Section 3.6. Summary | Zero Configuration Networking: The Definitive Guide

3.6. Summary

Zeroconf's Multicast DNS, like RFC 3927 link-local addressing, provides a safety net when the equivalent conventional infrastructure is not present or working. When there's no DHCP server, link-local addressing gets you an address that's at least good for the local link. When there's no DNS server, or there is one but you have no way to add your own hostnames to it, Multicast DNS gives you a way of referring to devices by name that at least works on the local link. This gets us to a useful level of functionality: even when DHCP and DNS are broken, link-local addressing and Multicast DNS mean that you can give your devices names, refer to them from other computers using those names, and establish working TCP connections so that you can do useful networking. Zeroconf doesn't stop there, though. With the technology described so far, you can do useful networking, but you need to know the hostname, you need to remember it, and you need to type it in correctly. If you mistype it, misremember it, or just don't know the name of the printer, you're in trouble. Wouldn't it be better if you didn't have to know the name of the printer in advance? Wouldn't it be better if you could just say, "I need to print a document. Is there anything on the network that can help me with that?" That's Zeroconf's DNS Service Discovery technology, and that's the subject of the next chapter.

UTF-8

The American Standard Code for Information Interchange (ASCII) has long been the standard way most computers represent text in their memories and on their disks.
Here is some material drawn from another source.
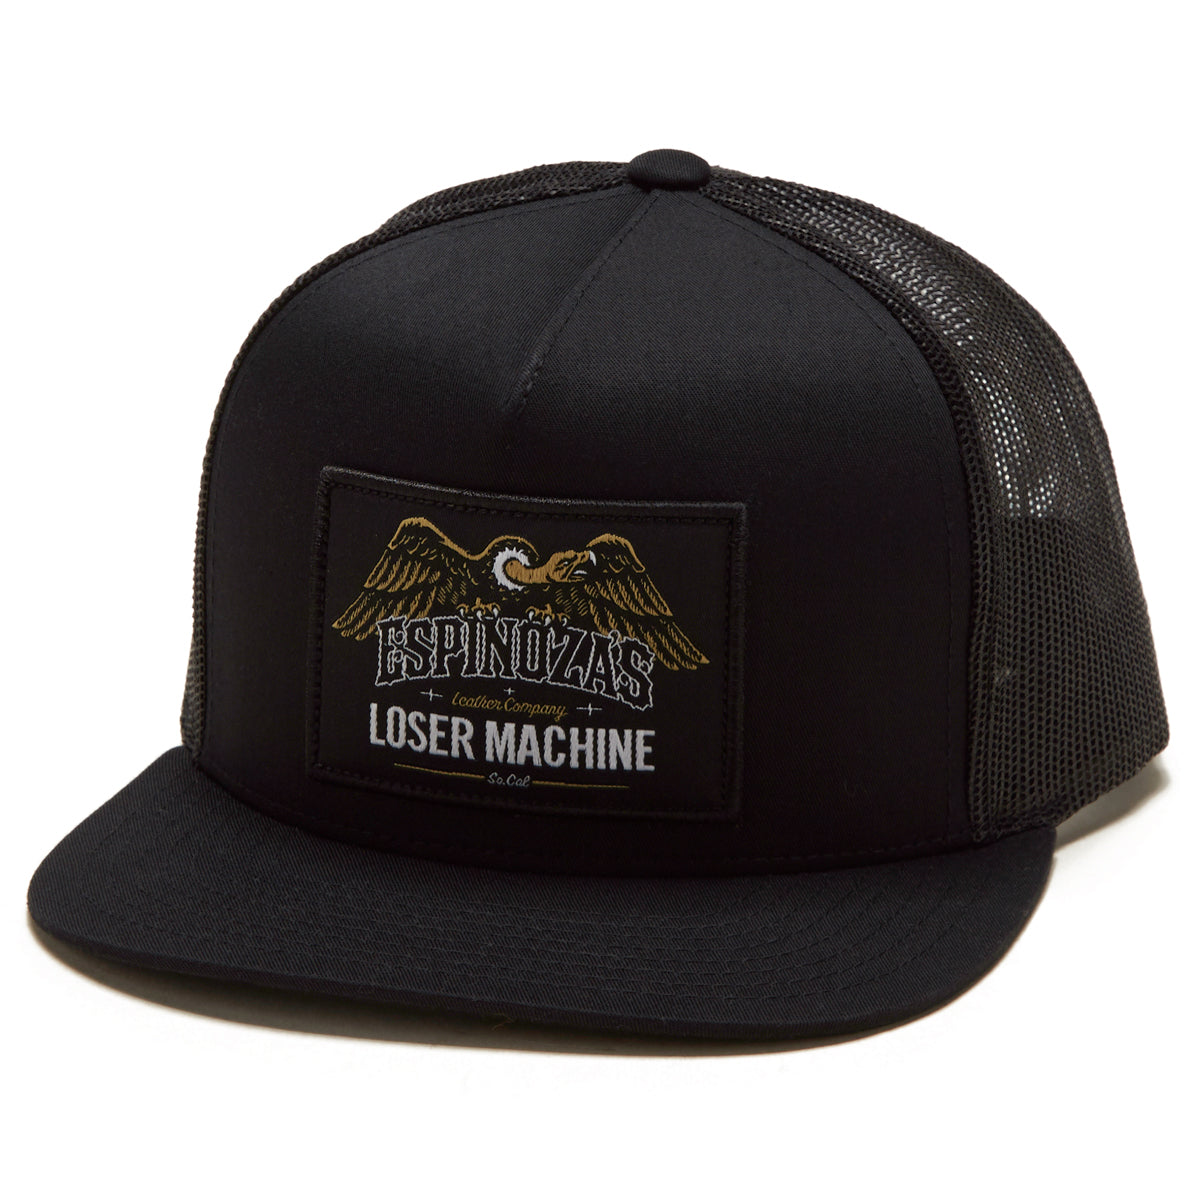 Loser Machine x Espinozas Trucker Hat - Black image 1

Each letter, digit, and symbol is represented by a different seven-bit binary code. Rather than write the codes in binary, they are usually written in numerical form, as numbers from 0 to 127. For example, the code for A is 65.

The problem is that while 128 values are enough to represent English uppercase letters, lowercase letters, digits, and punctuation, they're not enough to represent all the accented characters used in European languages, and definitely not enough to represent all the characters used in Japanese, Hebrew, Indian languages, and so on.

A new standard for representing text called the Universal Character Set (UCS), or Unicode, solves this by having literally millions of possible codes. The problem is that to work directly with Unicode data, software that manipulates text has to be rewritten, which takes a long time. Also, Unicode is less efficient than ASCII for English words, making it slow to gain popularity among many English speakers who don't see much benefit from having all those extra characters if they're not using them. The word "Hello" in Unicode can take double or even four times the space to store as the same word stored using ASCII.

UCS Transformation Format 8 (UTF-8) solves this problem in a simple, elegant way. A single eight-bit byte in computer memory can hold 256 possible values, from 0 to 255, but ASCII requires only 128 values, leaving the other 128 unused. The ingenious solution is that UTF-8 uses the values 0-127 to represent exactly the same characters as ASCIIso the word "Hello" stored using UTF-8 and the word "Hello" stored using ASCII are exactly the same in memory. UTF-8 is a compatible superset of ASCII. So we can declare, by fiat, as it were, that every single ASCII string stored in memory or on disk anywhere in the world is actually a UTF-8 string, and not a single line of software has had to change.

The second step is how UTF-8 represents all those additional non-roman characters. UTF-8 uses those byte values in the range 128-255, unused by ASCII, to represent those characters. Depending on the character, it may be represented in memory as a consecutive sequence of two, three, or more bytes in the 128-255 range.

The beauty of this is that almost all software that works with ASCII text can work without modification with the new UTF-8 text. Of course, if you want to display UTF-8 text on the screen or print it on paper, you need software that knows how to properly decode UTF-8 and draw the right characters, but most software never needs to do this. DNS code is concerned with putting data into packets and reading it out, not with what those characters look like to humans. The little bit of user-interface code responsible for showing text on the screen has to draw UTF-8 characters correctly, but the rest of the DNS protocol codethe vast bulk of itcan just pass the data around as raw data, unconcerned with how that data might eventually be presented to the human user.

UTF-8 is popular in the United States, because it allows non-roman characters to be represented using multibyte sequences in otherwise standard ASCII files. In some places outside the USA, where most characters need to be represented using multibyte sequences, UTF-8 is less popular, and many people prefer to use 16-bit Unicode characters (UTF-16) directly. Multicast DNS adopts UTF-8 as the best way to maintain compatibility with existing ASCII names, while at the same time providing the capability to represent non-roman characters, too.